WHAT THE TASK REQUIRES >>
Take the data below and extract the lines from the one with "Female soldiers talk" to the one with "Francis Crick: It", inclusive, exactly as written.

TASK MATERIAL >>
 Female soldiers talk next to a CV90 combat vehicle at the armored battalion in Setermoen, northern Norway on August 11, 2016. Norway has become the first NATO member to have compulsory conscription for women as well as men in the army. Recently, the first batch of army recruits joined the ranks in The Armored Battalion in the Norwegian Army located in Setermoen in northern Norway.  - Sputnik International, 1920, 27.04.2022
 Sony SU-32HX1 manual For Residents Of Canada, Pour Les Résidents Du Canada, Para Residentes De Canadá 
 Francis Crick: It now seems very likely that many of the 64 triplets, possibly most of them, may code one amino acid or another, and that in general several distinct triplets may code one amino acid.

* * *

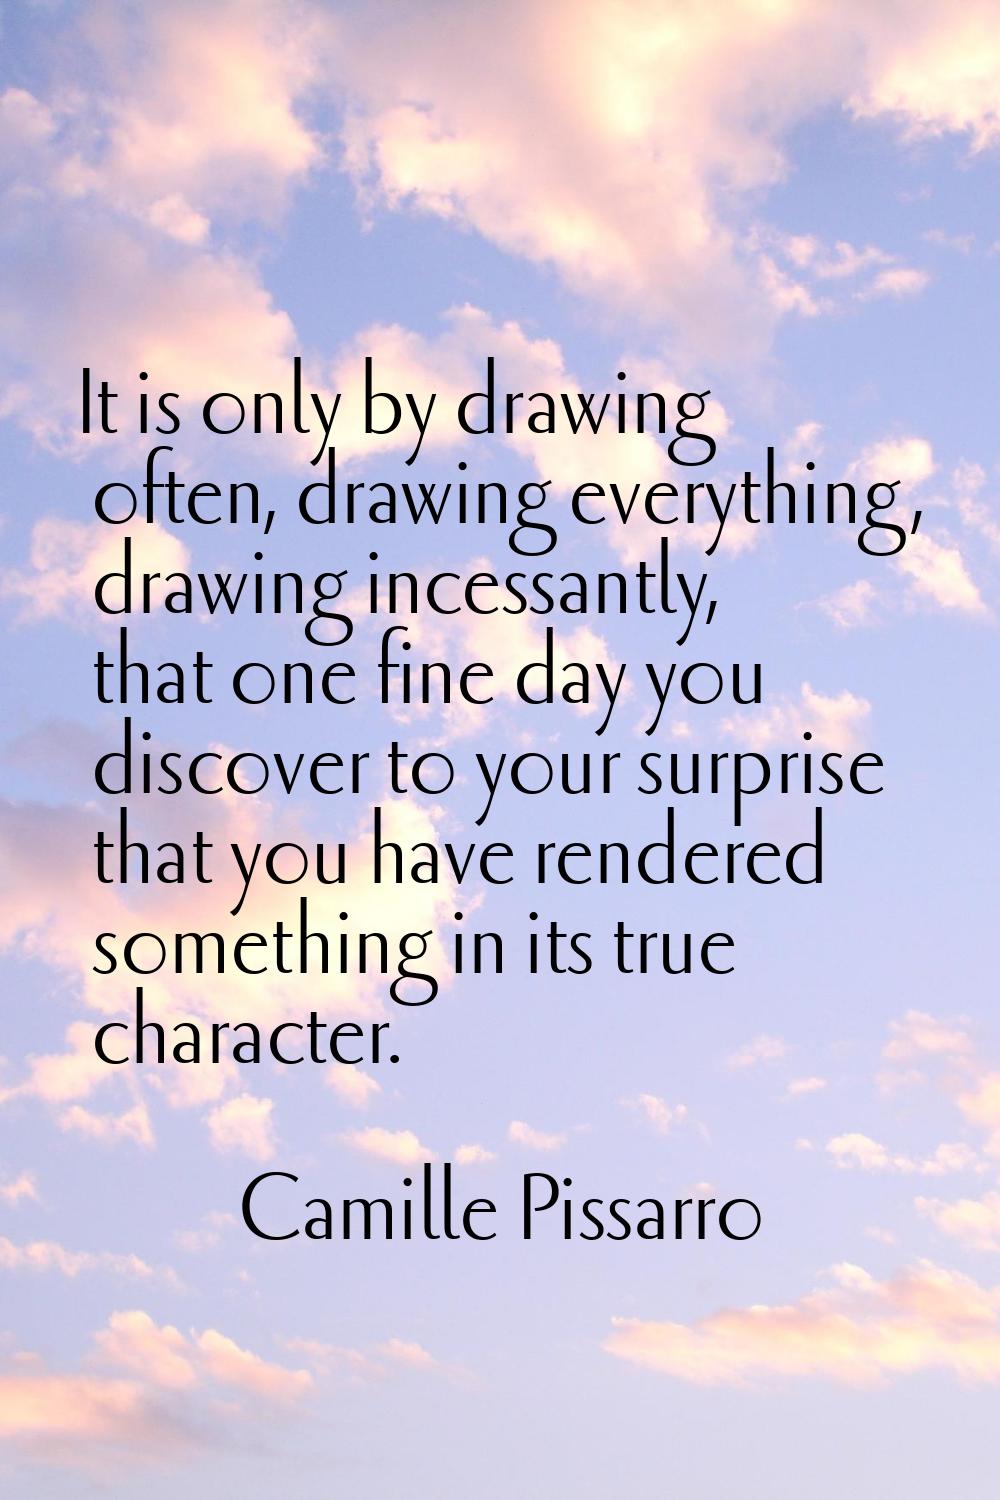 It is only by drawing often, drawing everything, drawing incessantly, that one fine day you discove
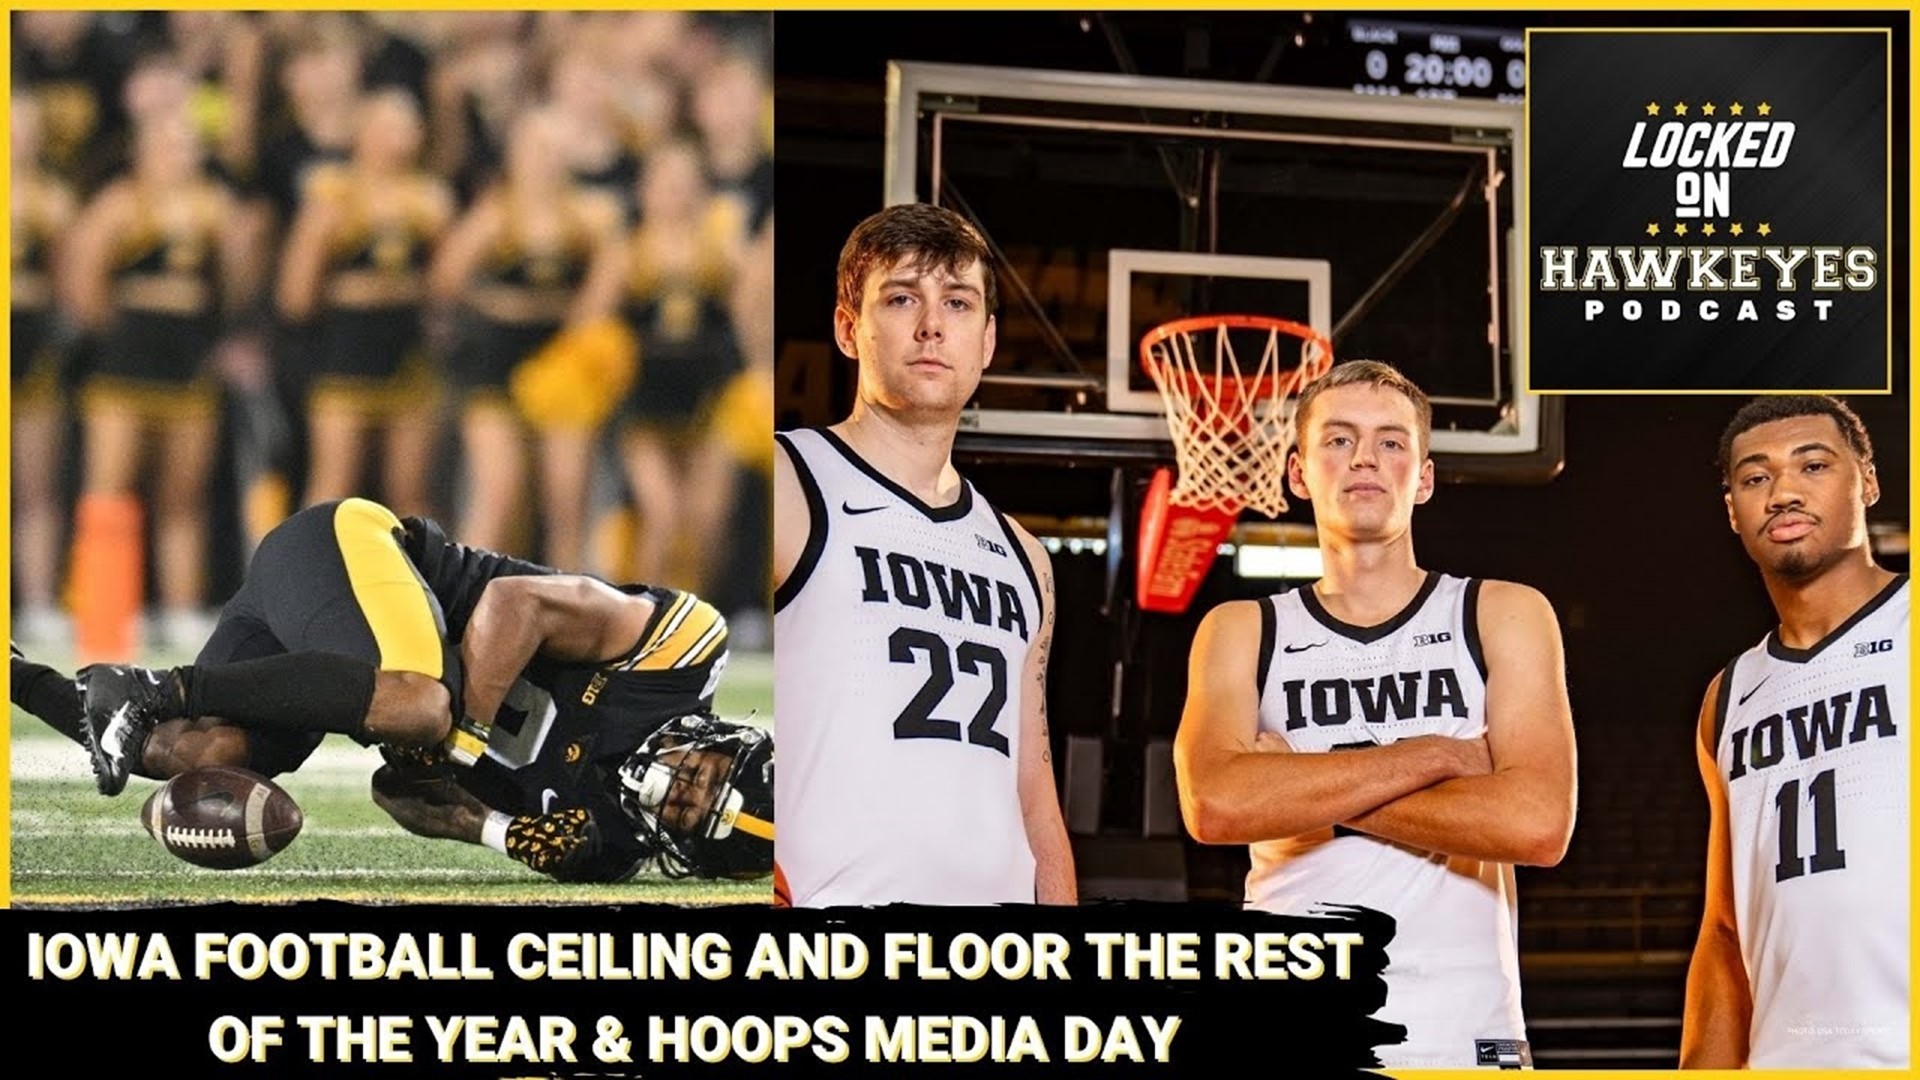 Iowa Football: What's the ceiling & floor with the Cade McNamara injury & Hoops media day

OUTPUT FOR THIS TASK >>
 Female soldiers talk next to a CV90 combat vehicle at the armored battalion in Setermoen, northern Norway on August 11, 2016. Norway has become the first NATO member to have compulsory conscription for women as well as men in the army. Recently, the first batch of army recruits joined the ranks in The Armored Battalion in the Norwegian Army located in Setermoen in northern Norway.  - Sputnik International, 1920, 27.04.2022
 Sony SU-32HX1 manual For Residents Of Canada, Pour Les Résidents Du Canada, Para Residentes De Canadá 
 Francis Crick: It now seems very likely that many of the 64 triplets, possibly most of them, may code one amino acid or another, and that in general several distinct triplets may code one amino acid.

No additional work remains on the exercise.